● Prompt: Every line below from the one with "River pictures with" through the one with "Good clothing is a passport to happiness." is to be repeated exactly, with no picture among them.

● Dataset extract:
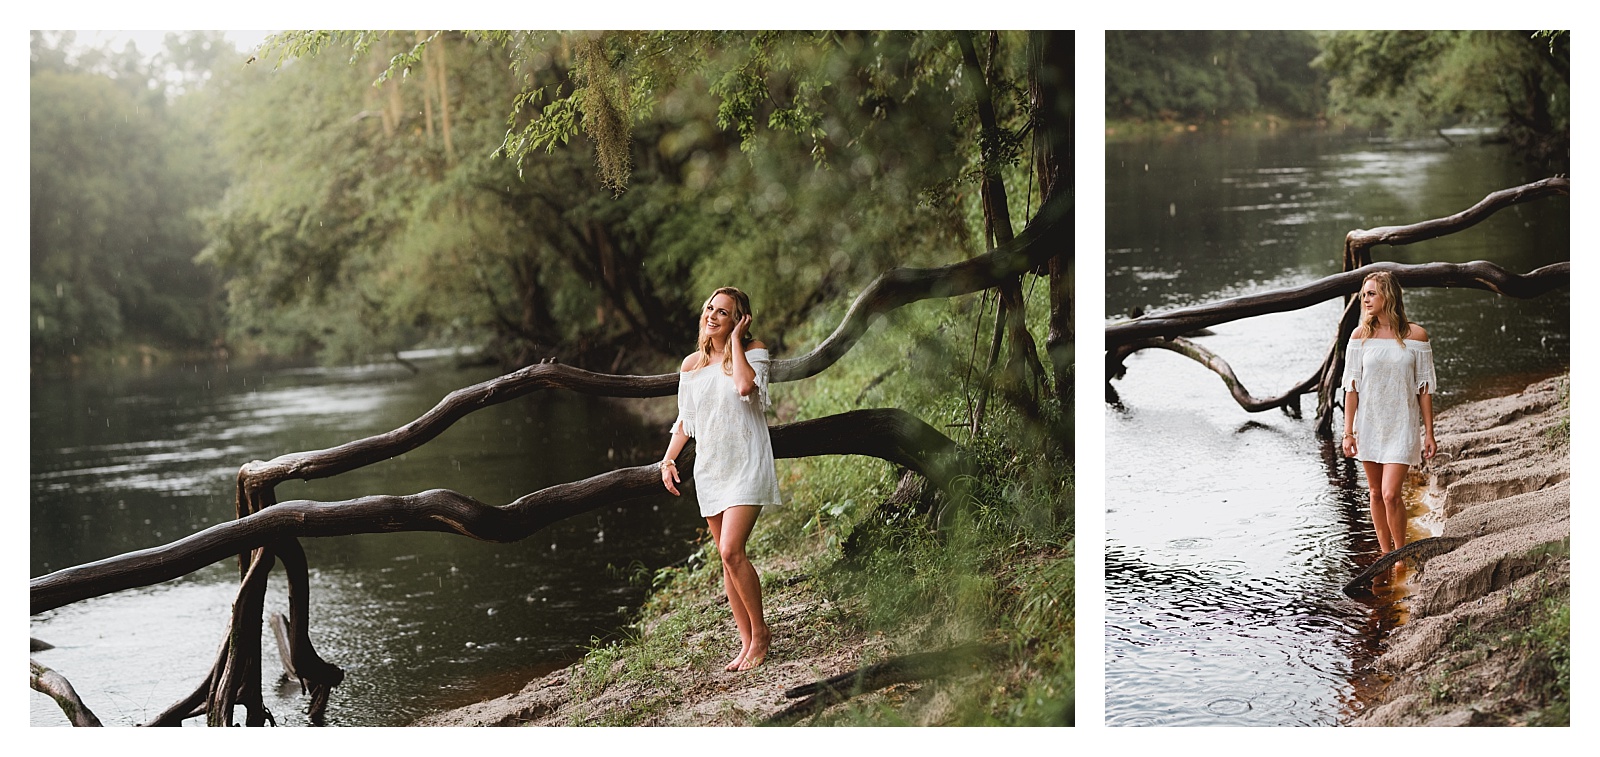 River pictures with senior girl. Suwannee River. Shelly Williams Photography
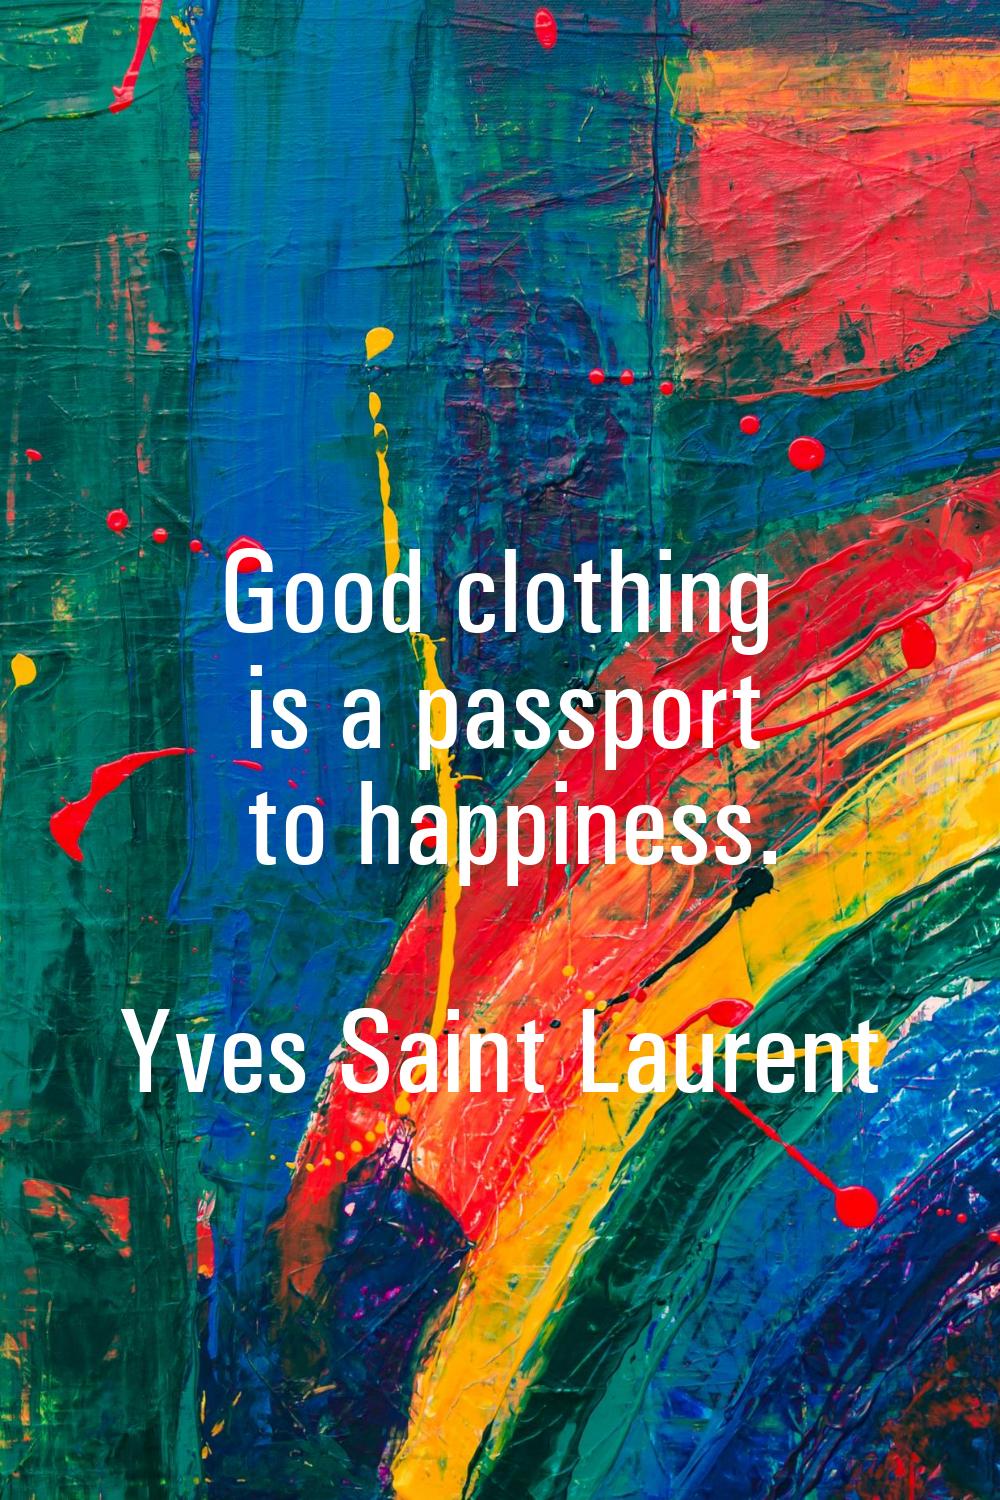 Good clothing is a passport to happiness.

--

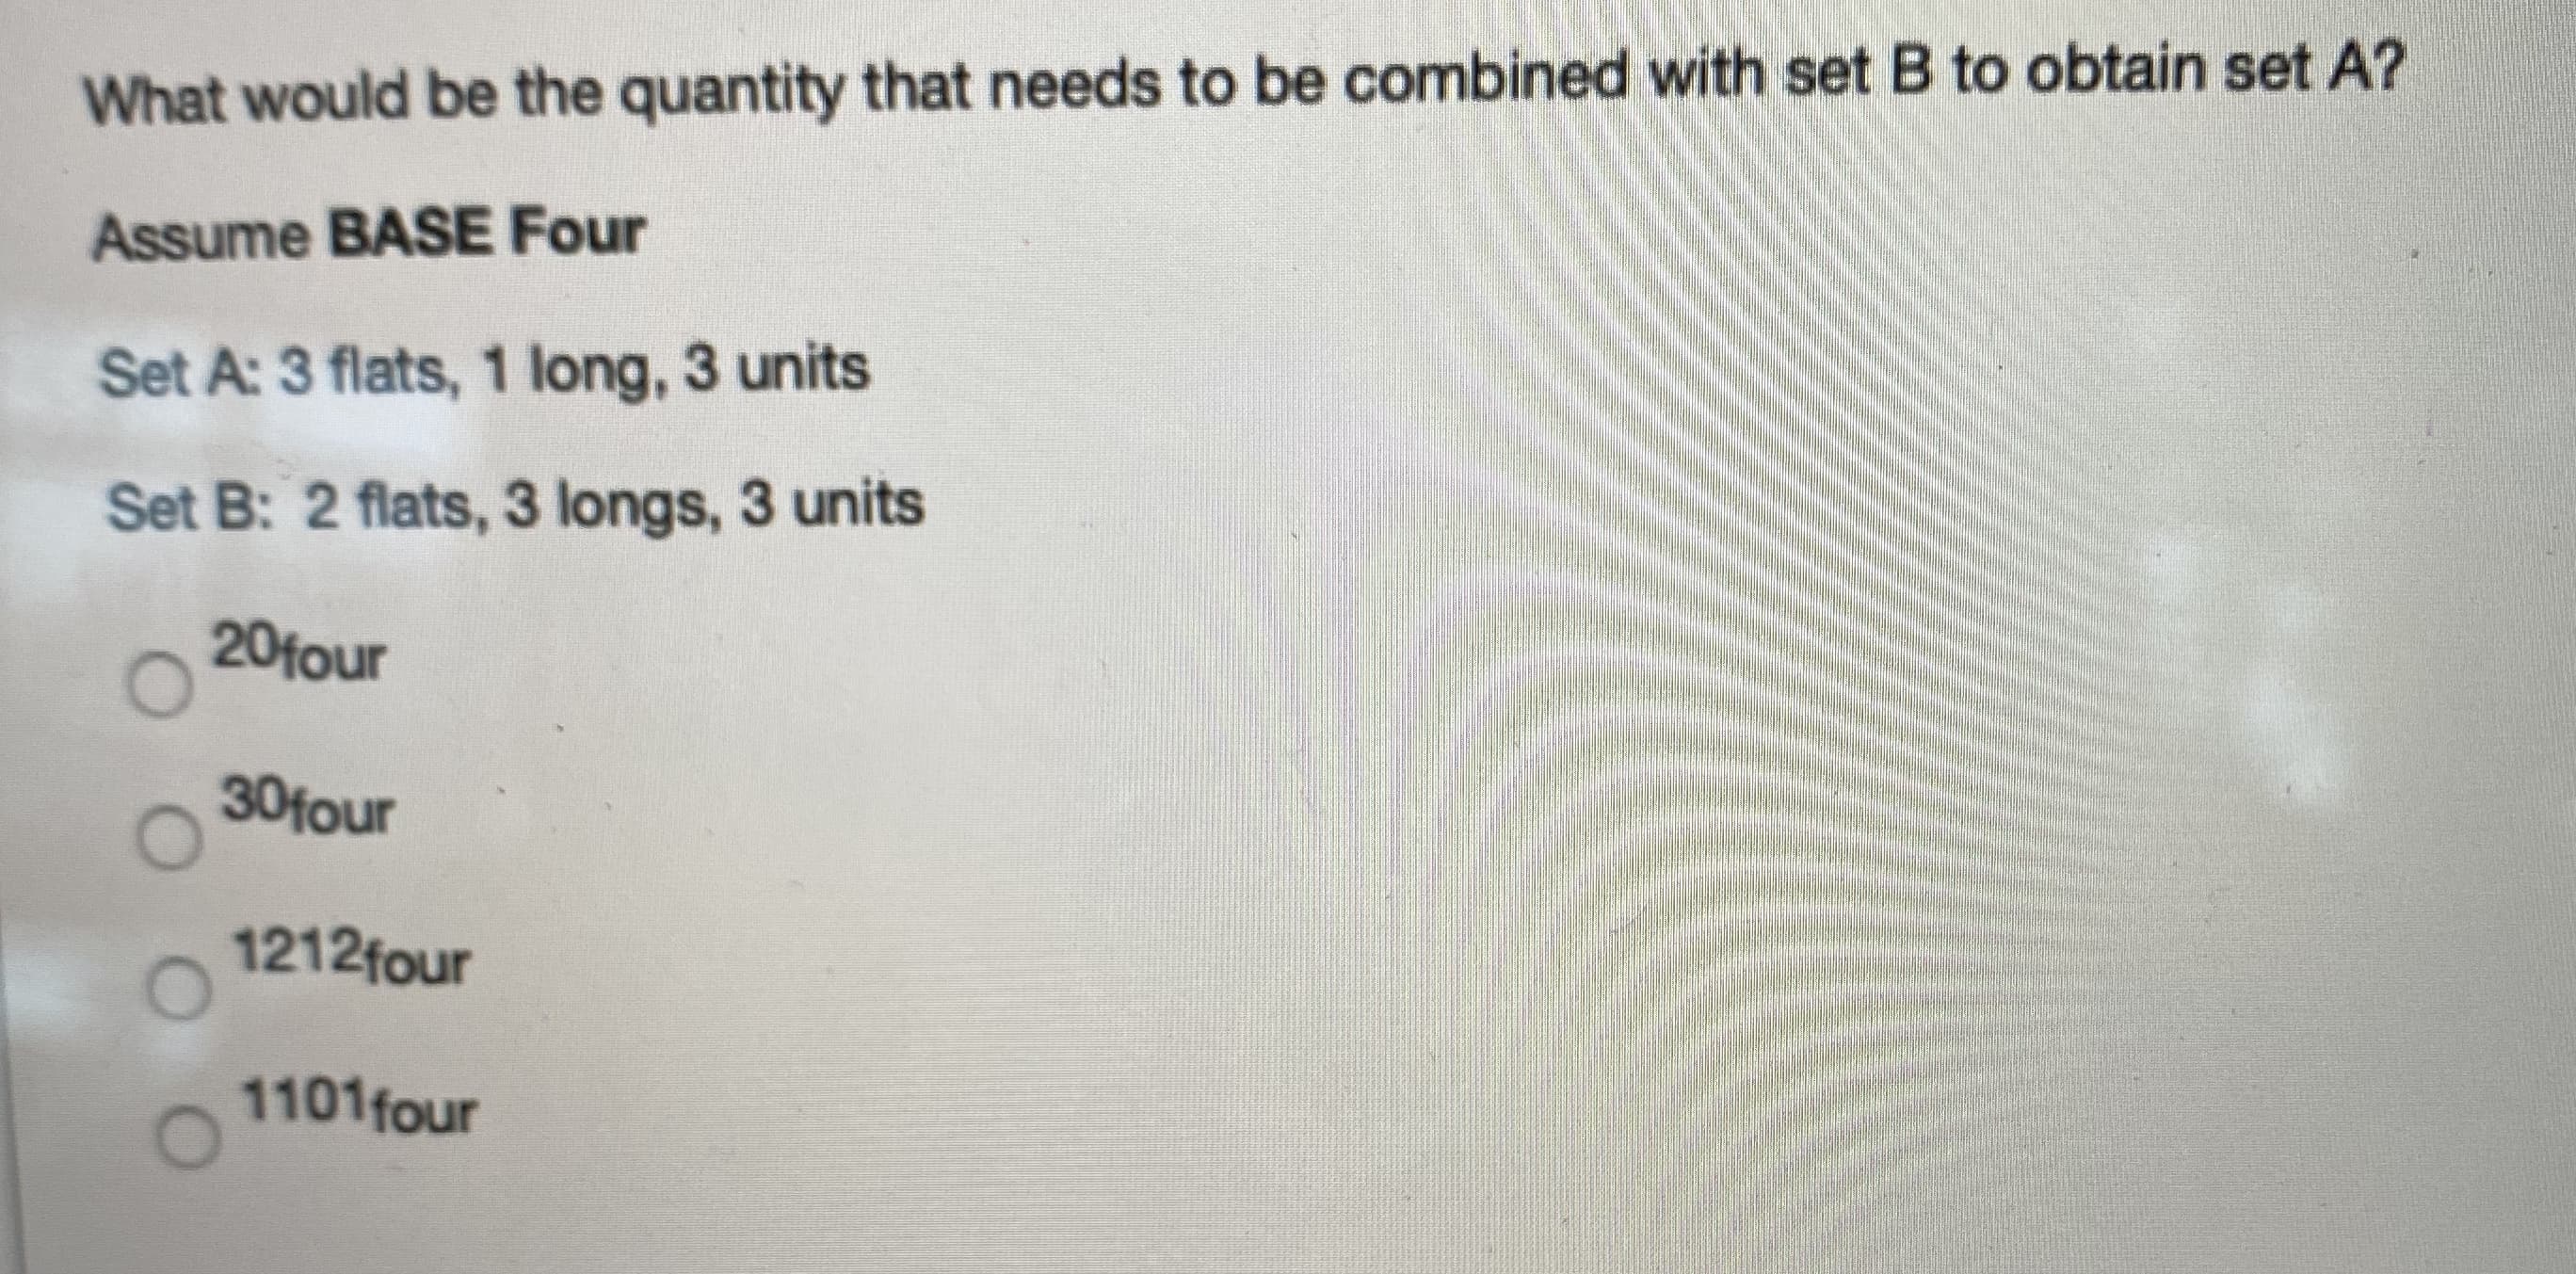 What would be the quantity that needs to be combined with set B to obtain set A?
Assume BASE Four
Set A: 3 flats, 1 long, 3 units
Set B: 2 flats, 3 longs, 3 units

● Written response:
 River pictures with senior girl. Suwannee River. Shelly Williams Photography
 Good clothing is a passport to happiness.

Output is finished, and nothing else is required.